Birthdays are never the same to me since the tip in front of our place has been reclaimed and turned into a park. A bed of calliopsis now blooms where I found my birthday pres­ent for Grandfather in 1936, and where Joan, my eight-year-old niece, discovered the E.P.N.S. (electroplated nickel silver) toast rack that she placed before me at the table on my birthday last year, a sign now reads "Keep off the Grass".
Ah, that most interesting week before the birthday of a friend when I tramped the tip in search of a present. No dipping into my pockets, only dipping among carrot tops and turning over retired bath heaters. I never realized the possibilities of the tip as a source of cheap birthday gifts until one day, when we were celebrating my arrival on this earth, my nephew presented me with a solid silver cigarette case with the initials R.A.L. engraved on the front. I was impressed. He handed it to me open. I tried to close it but that was impossible. A horse had stood on the back and the catch had gone. However, in our family, we never look a gift horse in the mouth. I put it, opened, in my pocket and set off for the tip im­mediately. Fortunately our tip was only patronized by the best people. The dustman informed me that the cans he cleared were owned by some of the most influential families in Melbourne. Therefore, our gifts were all of a very high grade.
On my last birthday, Grandfather gave me the body of a motor car. He left it down at the tip and told me I could get it whenever I wanted it. I never seemed to want it much. Now it is buried under loads of soil and men have planted a small tree there. (Acacia harpophylla) In return, on his seventy-fifth birthday, I gave Grandfather a cracked phonograph record featuring his favourite song, "Come into the Garden, Maud". When the singer reached the name, "Maud", he kept repeating it, "Maud, Maud, Maud, Maud," until the machine ran down or until you bucked the needle over the crack with your finger. This was difficult because you could never get it on the right line again and the "soloist would often sing: "Come into the garden, Maud, Maud, Maud — — To faint in his light and to die, die die." It was not a very good birthday present, although it was most interesting and educational in that it showed you what happens when cracks get in records.
I remember one year Joan and I were getting desperate. We were each faced with the problem of finding a present for a friend in the one month. For weeks past the refuse had been of a very poor quality and produced only a few prongless forks and knives without blades. Joan found the lower jaw bone of a sheep. It was dry and clean. Now the lower jaw hone of a sheep is a most interesting thing to look at, but it is absolutely useless as far as a pres­ent is concerned. None of my friends is interested in such things.

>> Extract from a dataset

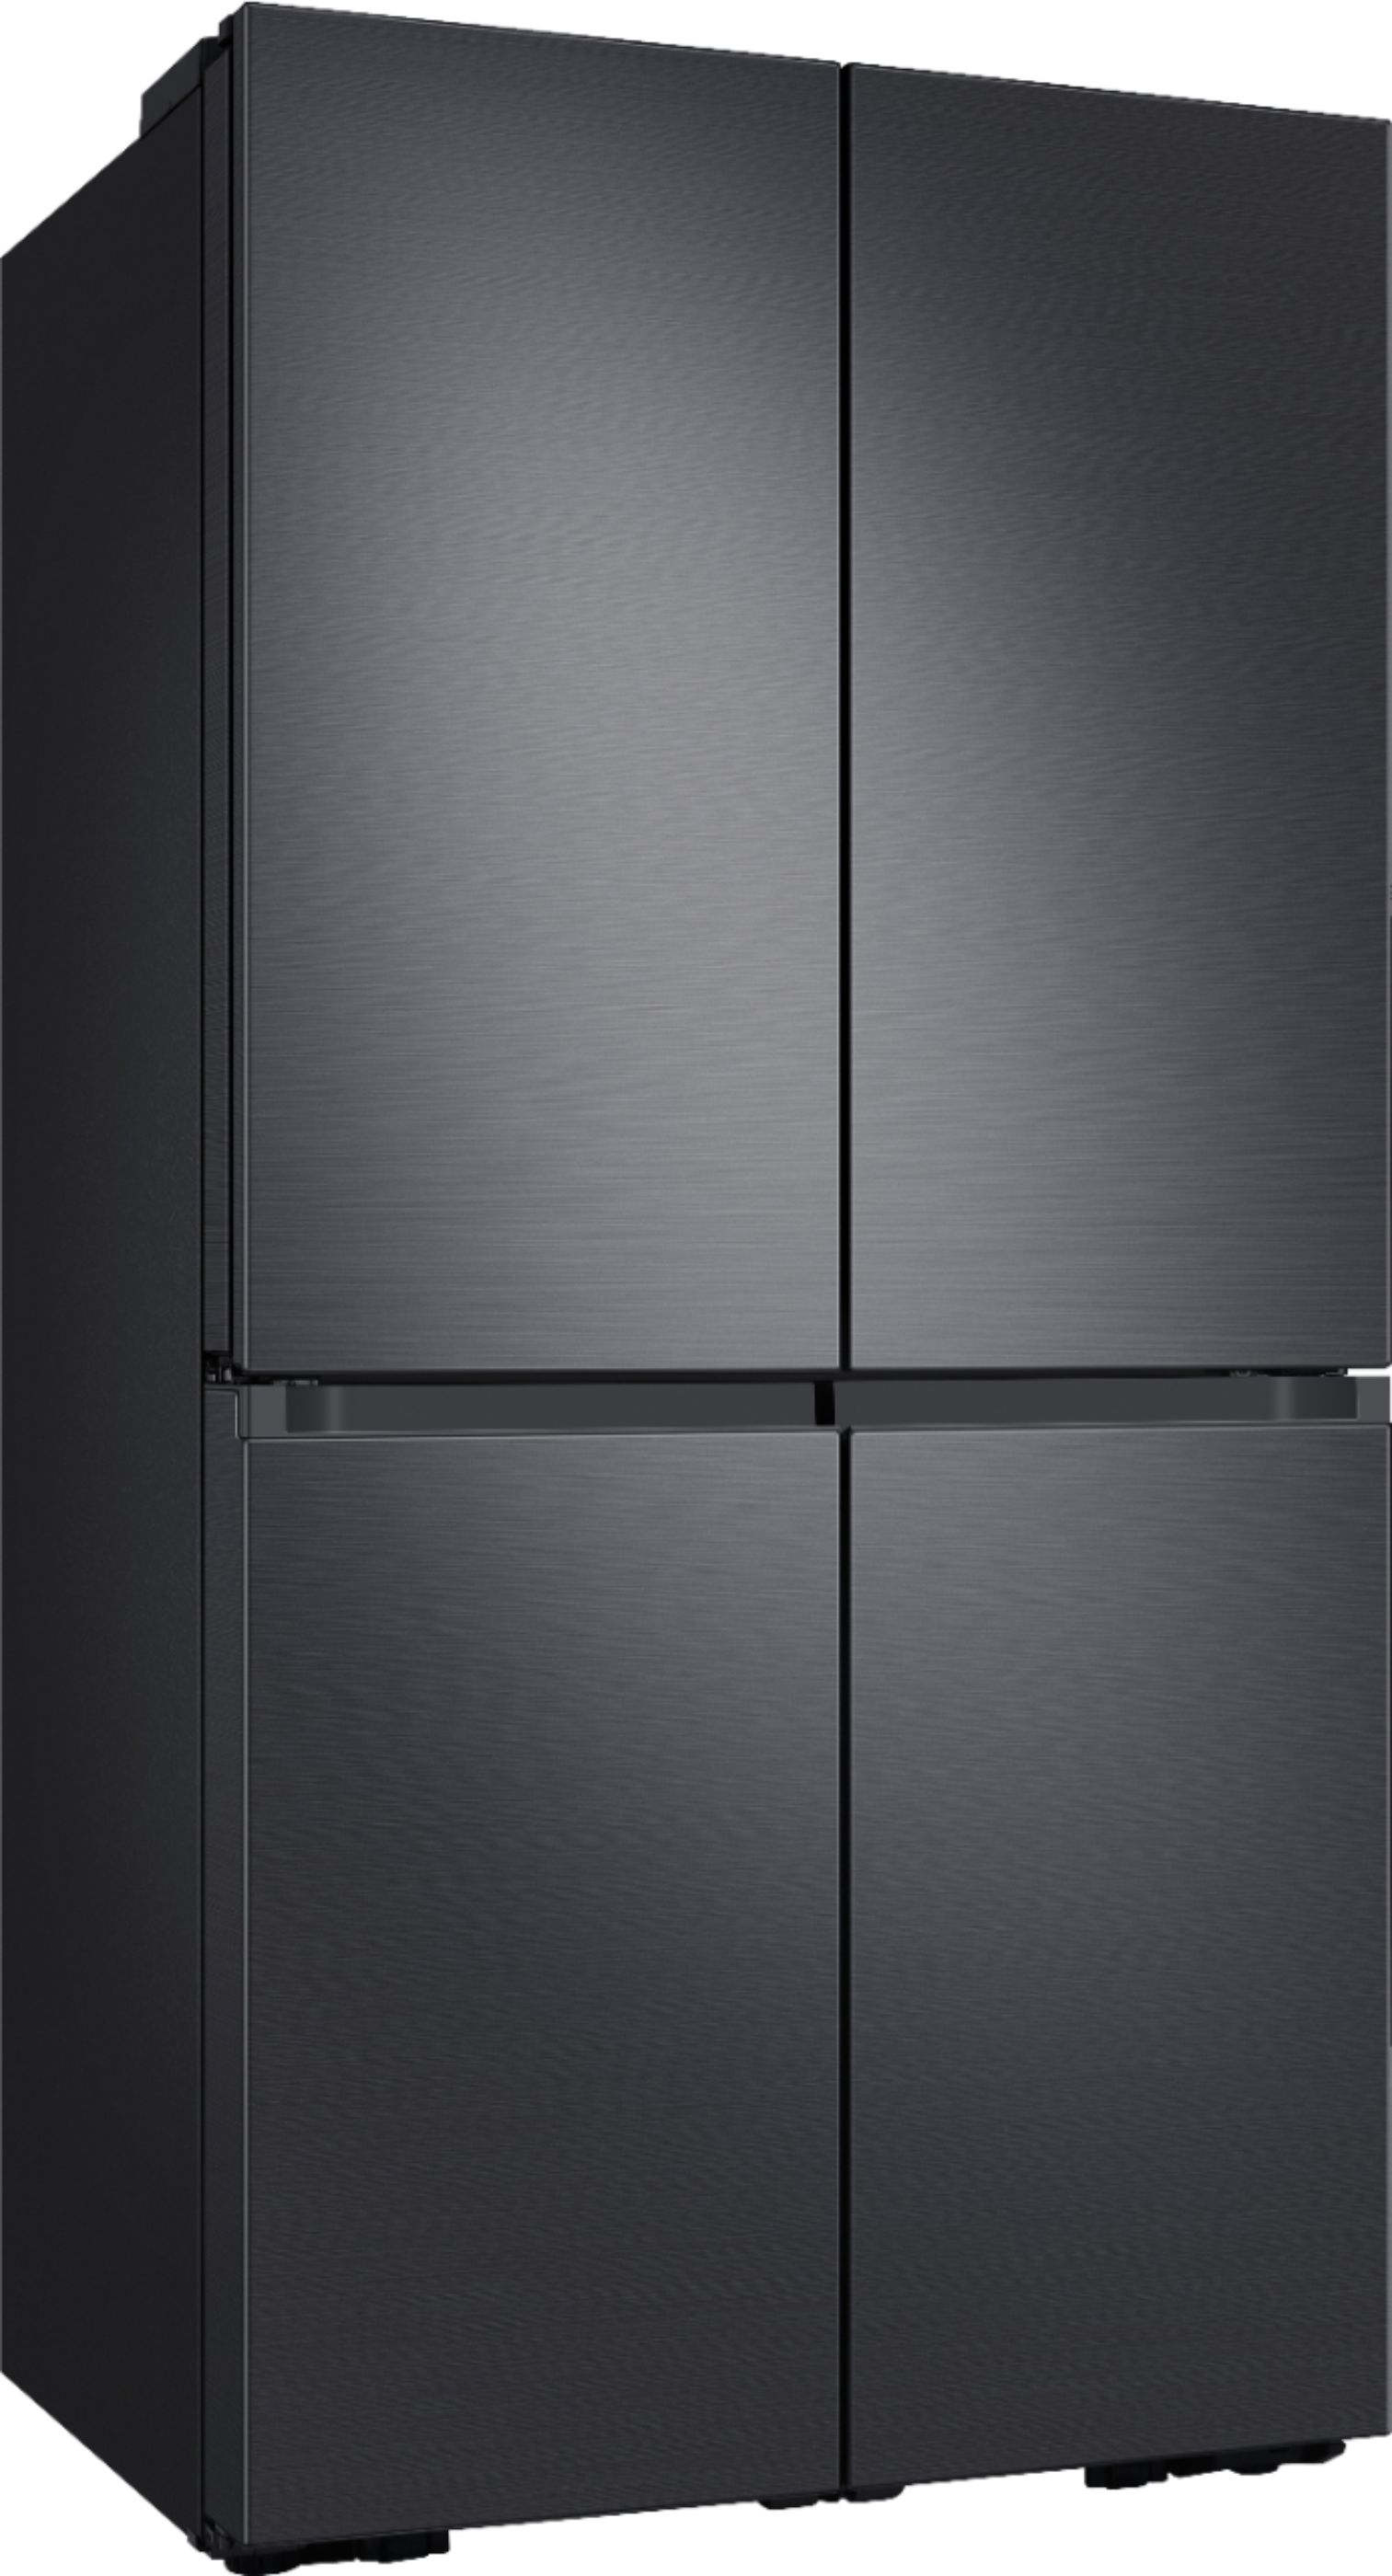 Left View: Samsung - BESPOKE 23 cu. ft. 4-Door Flex French Door Counter Depth Refrigerator with WiFi and Customizable Panel Colors - Navy glass

Joan and I differ from our friends in that we can look at the lower jaw bone of a sheep for quite ten minutes and enjoy it, so when Joan asked, "Is this any good?" I replied, "The lower jaw bone of a sheep is a good thing, but only to you and me." Anyway, we brought it home, but they wouldn't let us bring it inside. Joan once gave me a book marked "With love from Gladys" in the inside of a plain cover. I don't know the name of this book, because all the front pages were torn out. The first page in this copy started at the top with the words: "... gasped tragically." To this day I can never find out who gasped or why. I used to lie in bed and wonder what he or she was gasping about, but a friend told me that's the way to insomnia, so now I never think about it except on my birthday, and anyway, one never sleeps on birth­days for various reasons, mainly reasons of eating, so it really doesn't matter.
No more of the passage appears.